Marista
- Full name: Marista Rugby Club
- Union: URC
- Nickname: Curas
- Founded: 1961; 65 years ago
- Location: Luján de Cuyo, Mendoza Province, Argentina
- Ground(s): La Carrodilla, Mendoza
- President: Fernando Podestá
- League: Top 10
- 2025: 1st.
| 1st kit | 2nd kit |

= Marista Rugby Club =

Rugby union and field hockey club in Mendoza, Argentina

Marista Rugby Club is an Argentine sports club based in Luján de Cuyo, a city in Mendoza Province.

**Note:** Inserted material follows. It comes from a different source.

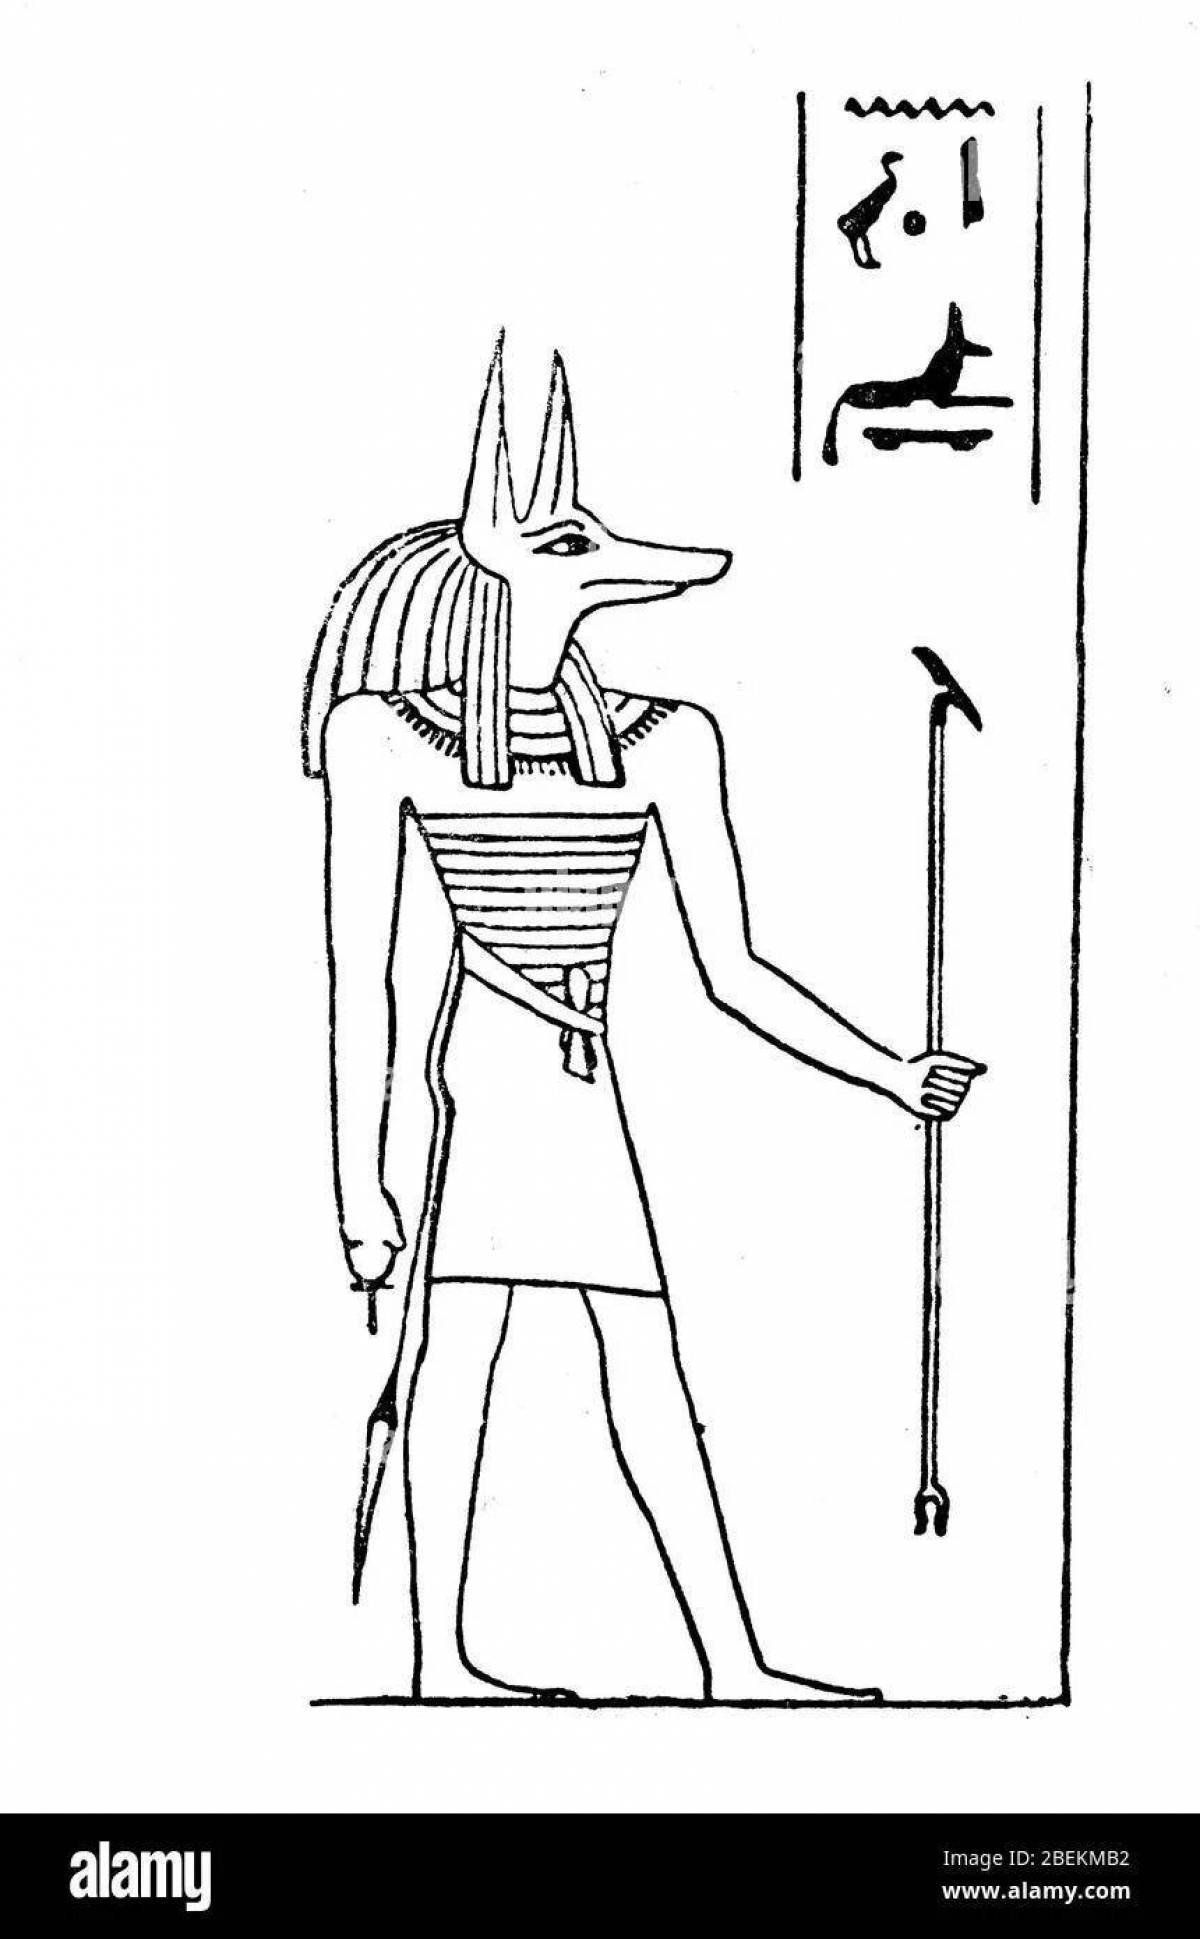 Generous coloring anubis god of ancient egypt

The rugby union team is member of the Unión de Rugby de Cuyo and currently plays in Torneo del Oeste, a regional league.

The club also has a field hockey section, which teams compete in tournaments organised by "Asociación Mendocina de Hockey sobre Césped" (Mendoza Field Hockey Association).

== History ==
Marista Rugby Club was founded in 1961 by Marist reverend Primo Brunato. Founded in Mendoza the club has since moved to La Carrodilla, Luján de Cuyo, just outside the city.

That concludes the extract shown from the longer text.